The pressures of reducing health care costs while increasing the ability to deliver the highest quality of care have paralyzed the profession medically and politically. The future impact on the delivery of healthcare is still yet to be determined. However, the measures that have been hastily imposed to justify a means to an end have already begun. What is clear is that burnout among physicians has insidiously reached epic proportions which are rarely acknowledged and not discussed openly. Burnout has been reported in the range of 25-60% of physicians and even up to 75% in published reports [2-6]. The "physician heal thyself" proverb, although based in religion (Luke 4:22), has been interpreted to assume that physicians by knowing the mind and body, can treat themselves from an arms-length perspective, perpetuating an unrealistic notion of self-preservation and invincibility that is unparalleled in any other profession.

Intriguingly, the concept of a “professional” is where this dialogue must begin.
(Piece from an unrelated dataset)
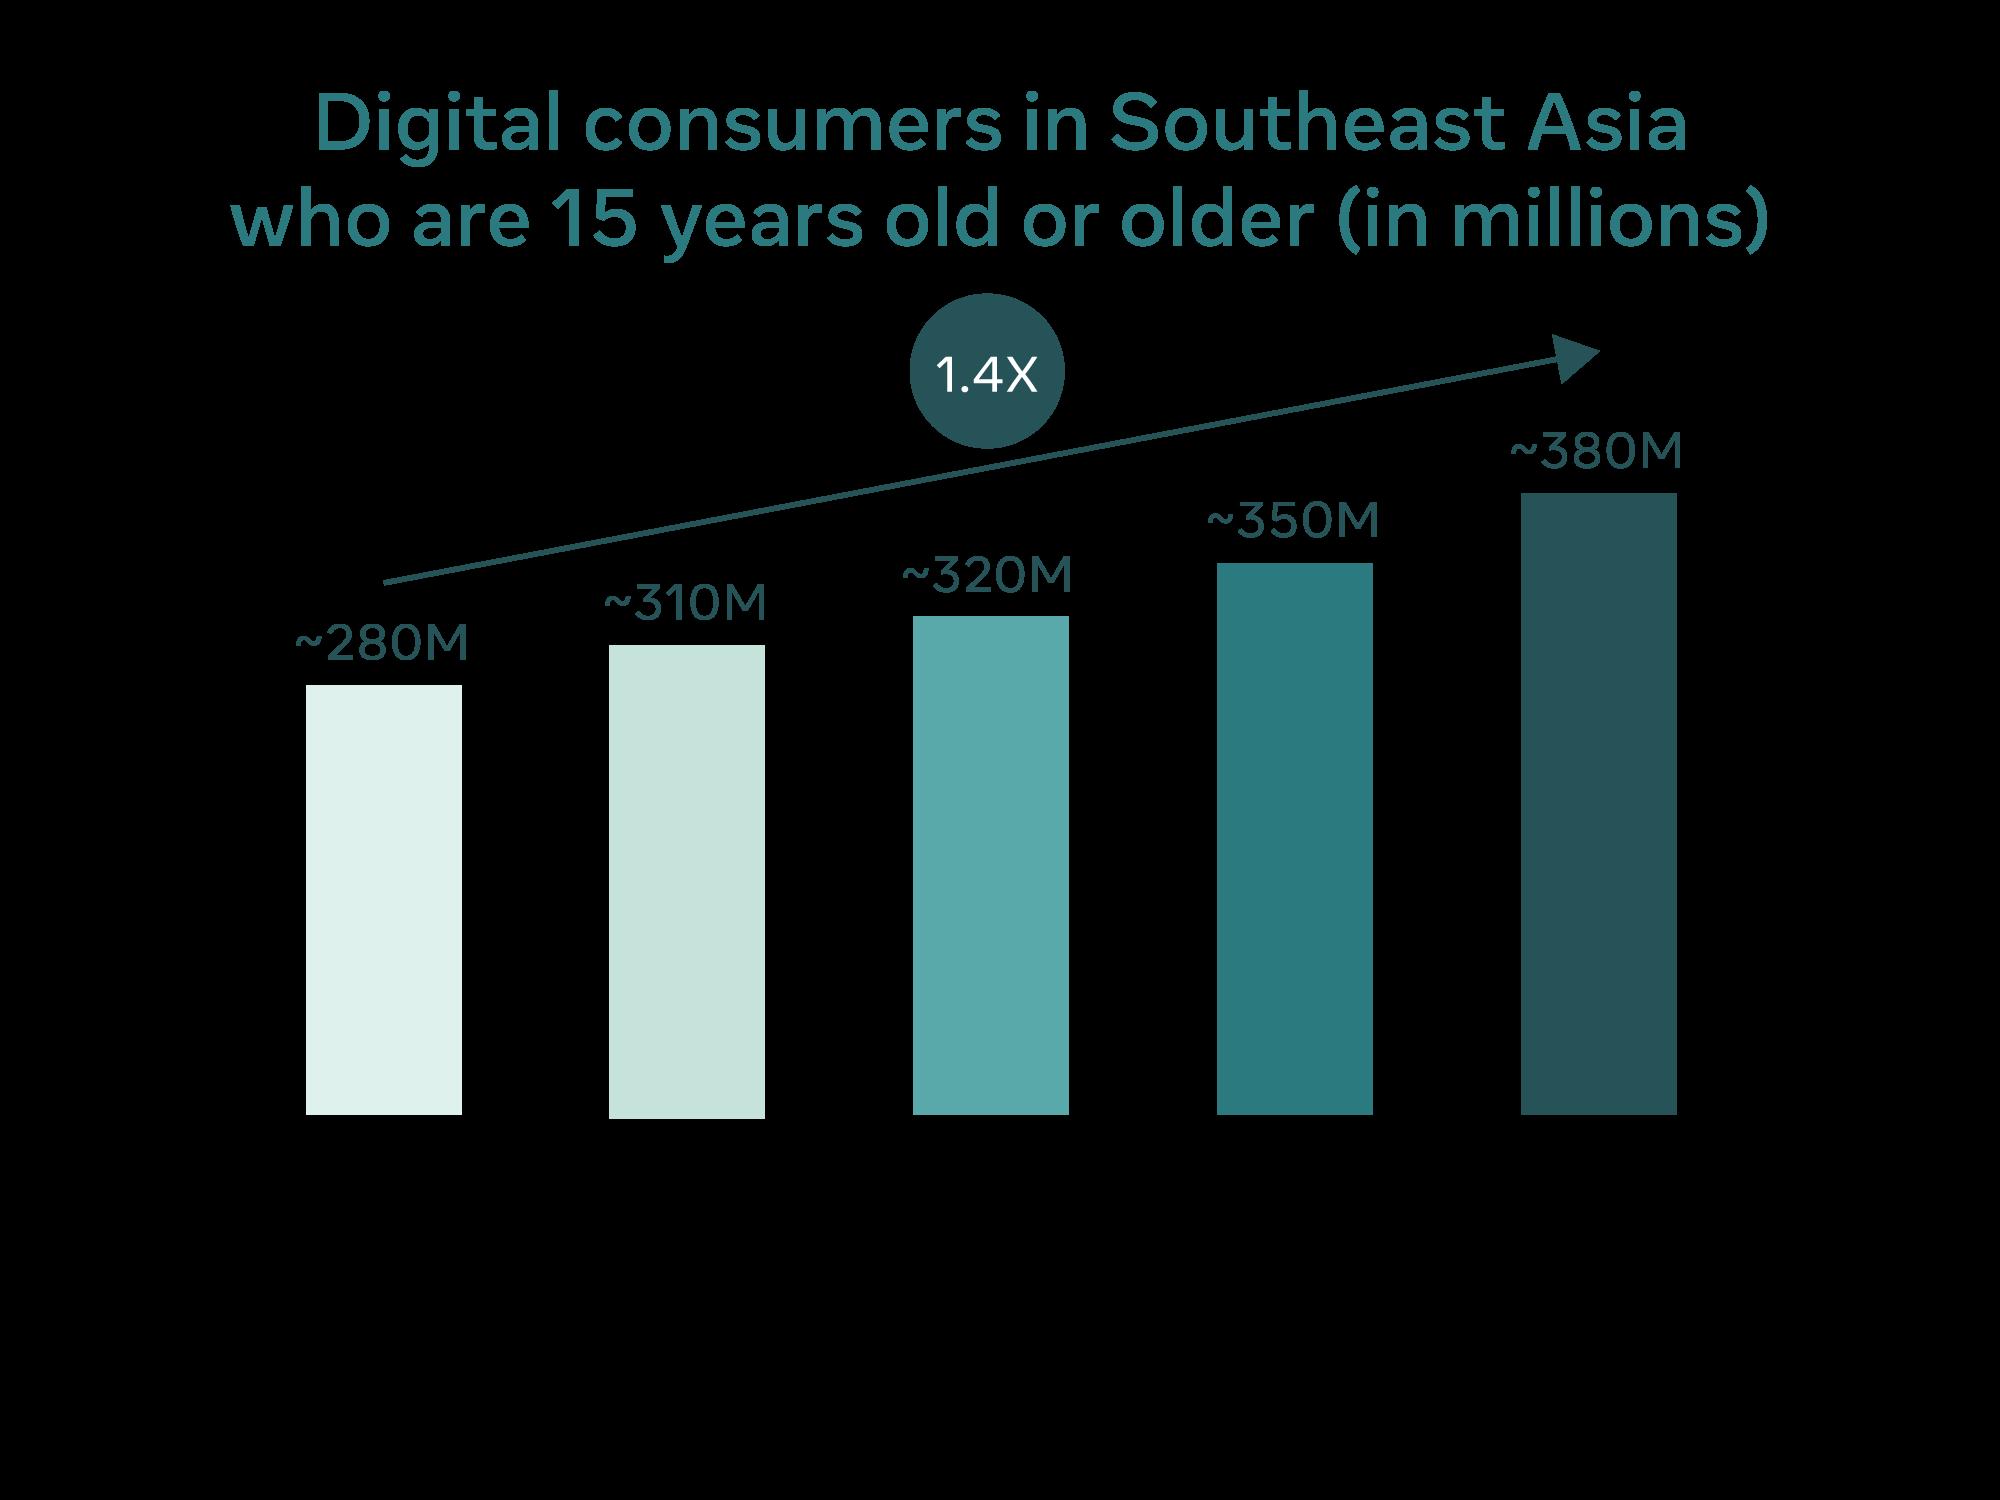 東南アジアの15歳以上のデジタル消費者の予測。2026年に3.8億人に達する見込みという。Source: Facebook, Bain & Company.

When I was interviewing for medical school about 30-years ago, the most memorable medical school interview was when I was asked, "Can you please define the meaning of a professional?" I recall that question very clearly in my mind because I knew there are so many ways to answer that question: the standard inclusive Merriam-Webster definition; the special ways that it pertains to ethical standards and conducts of individual in an autonomous profession; or the specific traits that really defines an individual who can succeed as a doctor. In fact, a professional is a combination of all of those definitions with nuances of each that are important to the ongoing dialogue.
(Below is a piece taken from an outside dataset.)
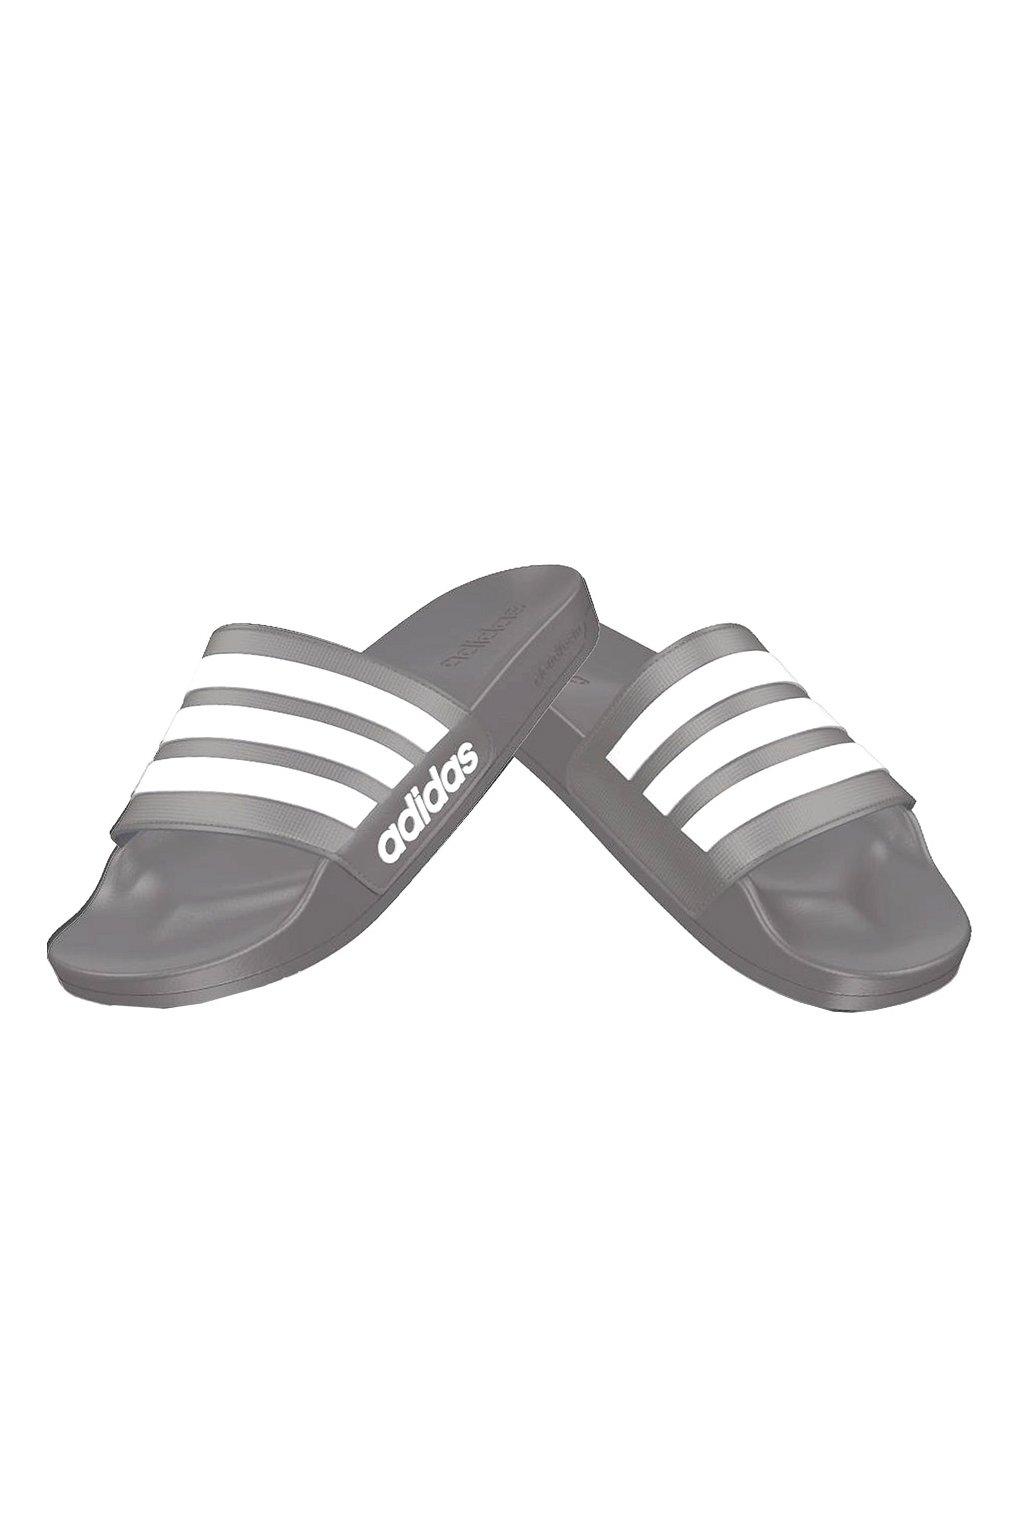 Šľapky Adidas Adilette sivé B42212

Let us examine the nature and beliefs of these individuals who seek higher education in the medicine profession and that will, perhaps, shed light on the root cause of the burnout. It is an almost universally spoken and unarguable truth that health is of paramount importance in our lives. Sir Winston Churchill said, “Healthy citizens are the great asset any country can have” [5]. We care about it. We work to preserve it. We hope that we have it. We sympathize with those who succumb to the lack of it. Physicians, since the beginning of their profession, have always been the "healers" – the mortals who might provide solace and hope when one is suffering from illness. It is imperative to find the best and the brightest in our societies to enter this profession to perhaps shed light into the darkness of diseases that afflicts humanity. Science has been the foundation of knowledge, but the practical delivery of care demands the highest integrity, compassion, and understanding of the human spirit - the soul if you will. For this reason, no matter where you turn, medicine has always been the balance of the sciences and the art of healing - wisdom handed down to us from our predecessors in medicine such as Sir William Osler. Perhaps Osler said it best when he defined medicine as “the practice (of medicine) is an art, not a trade; a calling, not a business; a calling in which your heart will be exercised equally with your head.” Those who practiced medicine held this notion as the highest sanctity and is taught throughout medical schools everywhere.
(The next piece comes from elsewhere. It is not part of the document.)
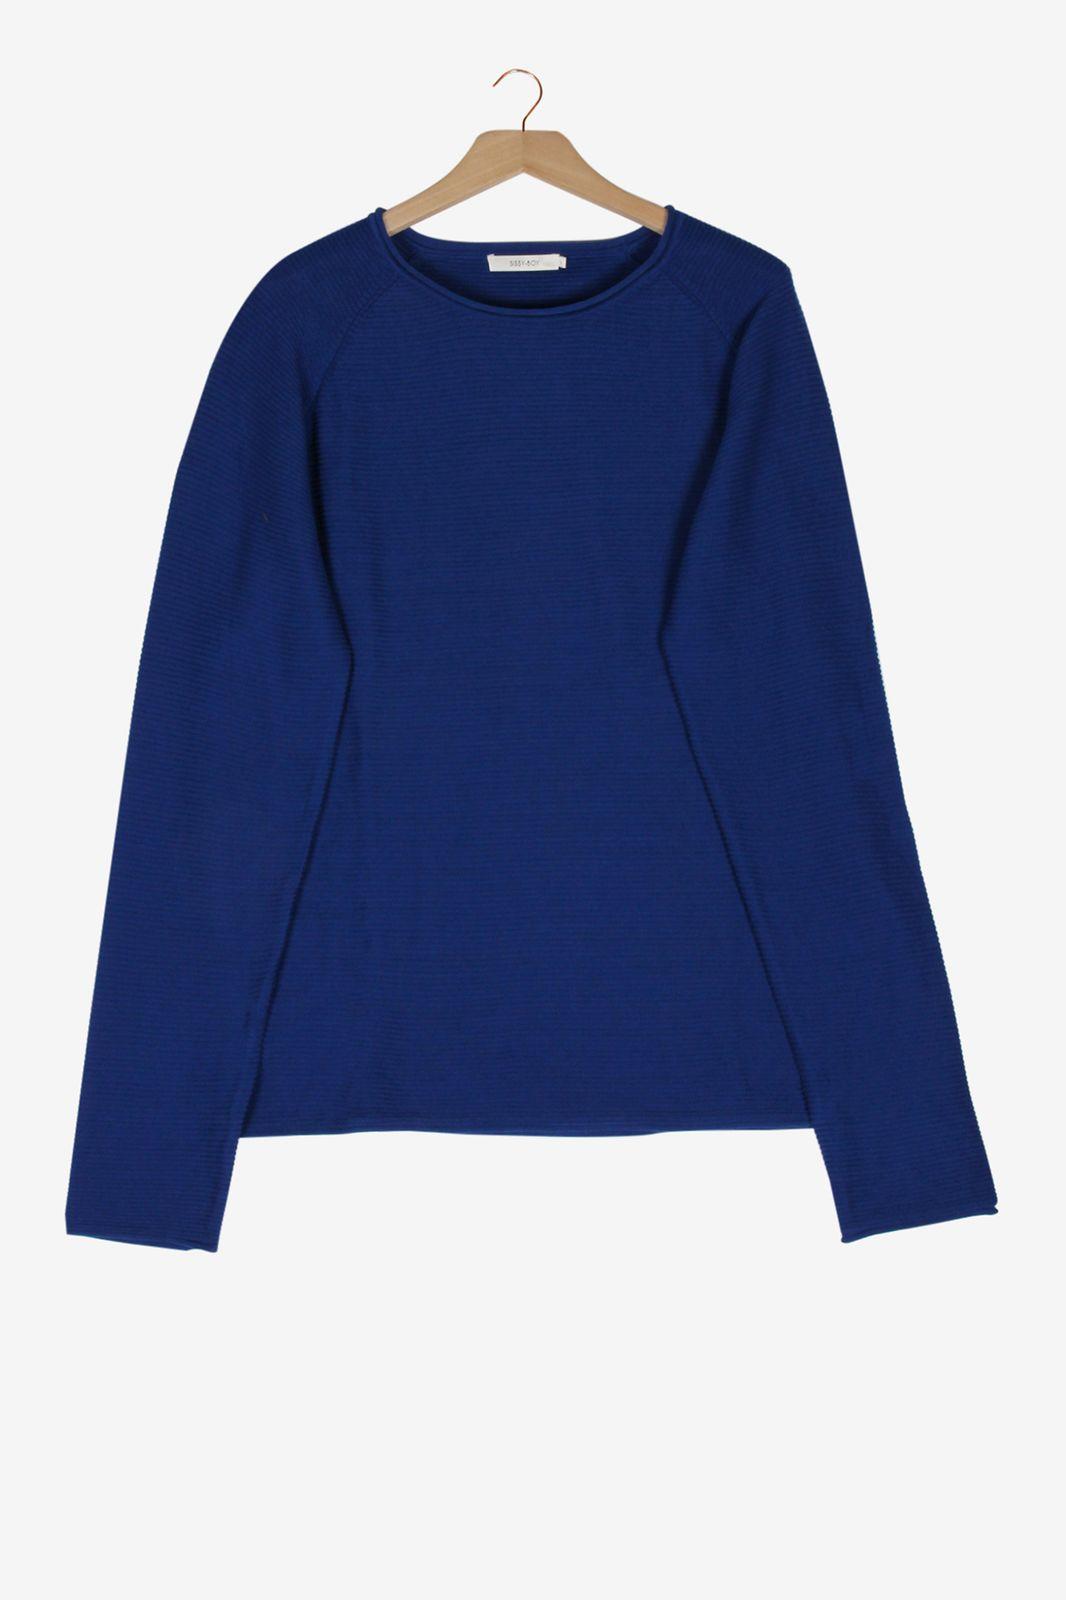 Marineblauwe rib knit sweater

In pursuit of providing the best healthcare in the world, we are now victimized by our successes. It was not long ago that the structures of DNA were elucidated and at that time, for our short memories, we can perhaps count on our fingers how many antibiotics were available to treating infections. The brilliant minds of scientists and all the research in medicine have taken us on a path of treating illness beyond what was imaginable just half a century ago. It has come to a point where we take for granted that premature babies can now routinely survive, most infections can be controlled, many cancers can be forever defeated, and even when organs fail, they can be replaced. I was particularly enamored by all these concepts, that of limited immortality - preserving life and maintaining wellness, that I went into organ transplantation as a career. Observing thousands of patients in my career who have life-threatening illnesses and yet emerge with healthy outcomes is enlightening; these experiences truly bring unimaginable job satisfaction. My mentor, Dr. Ben Cosimi, Emeritus Professor at Harvard, even once said, "Is death now optional?" The dignity of death and dying, thus balancing the science and art of medicine have risen to another zenith in our times.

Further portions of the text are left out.